The CONNECT request succeeded (api.github.com is allowed), but the L7 proxy inspected the HTTP method and returned 403. POST is not in the read-only preset. Your agent can read code from GitHub but cannot create issues, push commits, or modify anything.

Exit the sandbox:

exit

7. Check the L7 deny log

openshell logs demo --level warn --since 5m
l7_decision=deny dst_host=api.github.com l7_action=POST l7_target=/repos/octocat/hello-world/issues l7_deny_reason="POST /repos/octocat/hello-world/issues not permitted by policy"

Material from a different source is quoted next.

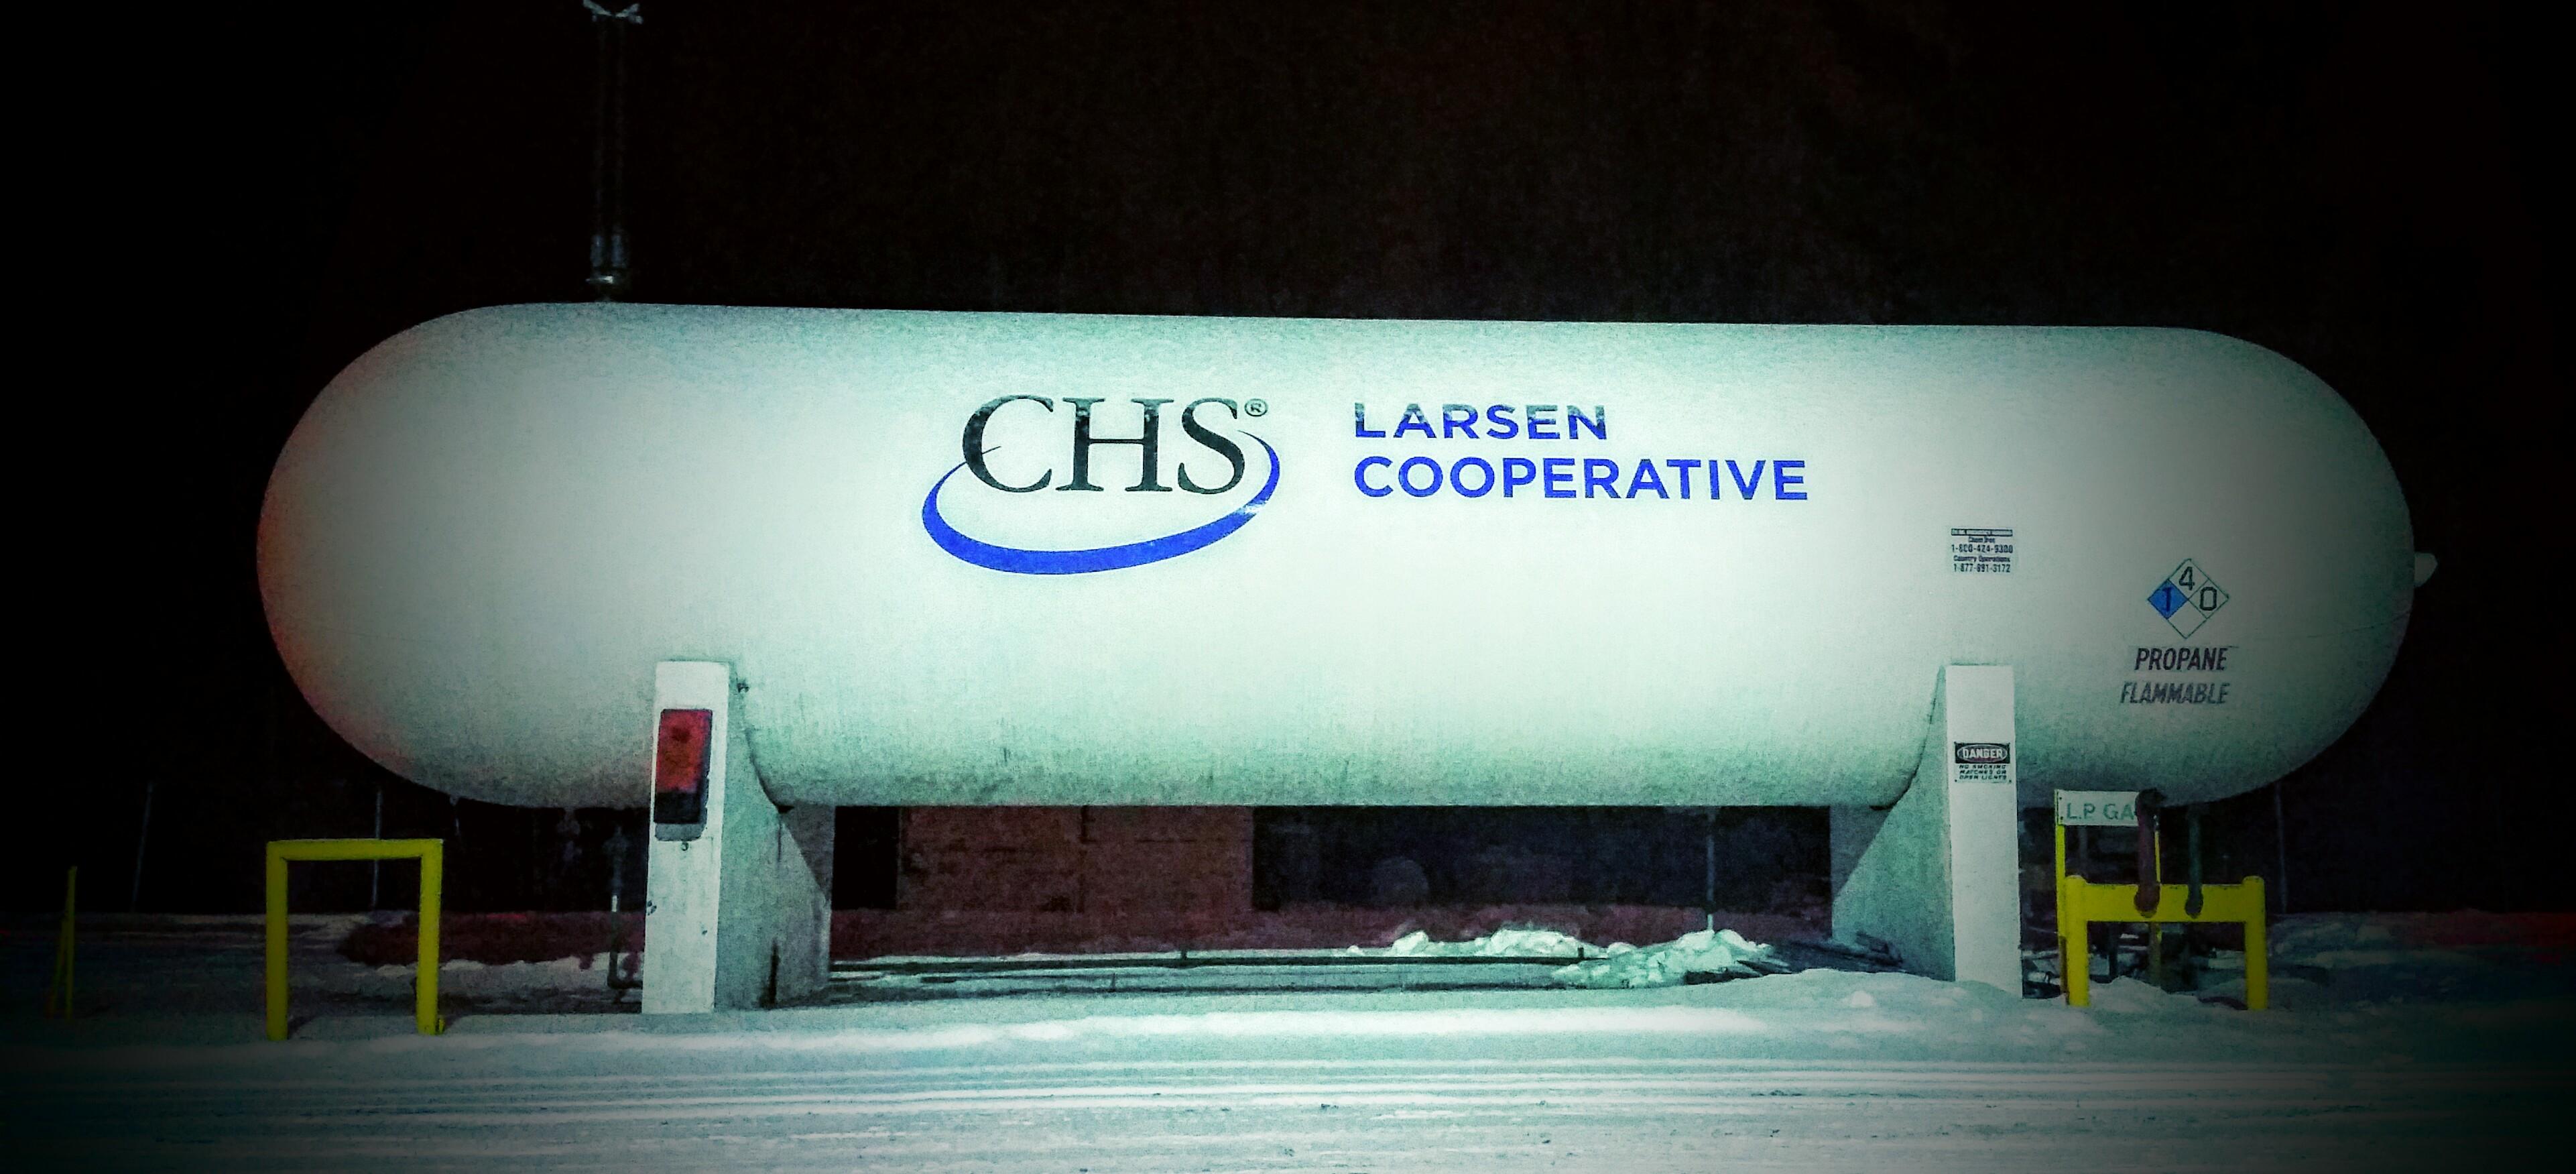 CHS Larsen Cooperative image 3

The log captures the exact HTTP method, path, and deny reason. In production, pipe these logs to your SIEM for a complete audit trail of every request your agent makes.

8. Clean up

openshell sandbox delete demo

What you just saw

State What happens
Default deny All outbound traffic blocked — nothing gets out
L7 read-only GET to api.github.com allowed, POST blocked
Audit trail Every request logged with method, path, decision

The policy hot-reloads in seconds and gives you verifiable, fine-grained control over what your agent can access — without --dangerously-skip-permissions.

Next steps

  • Customize the policy: Change access: read-only to read-write or add explicit rules for specific paths. See the security policy reference.
  • Scope to an agent: Replace the binaries section with your agent's binary (e.g., /usr/local/bin/claude) instead of curl.
  • Add more endpoints: Stack multiple policies in the same file to allow PyPI, npm, or your internal APIs.
  • Try audit mode: Set enforcement: audit to log violations without blocking, useful for building a policy iteratively.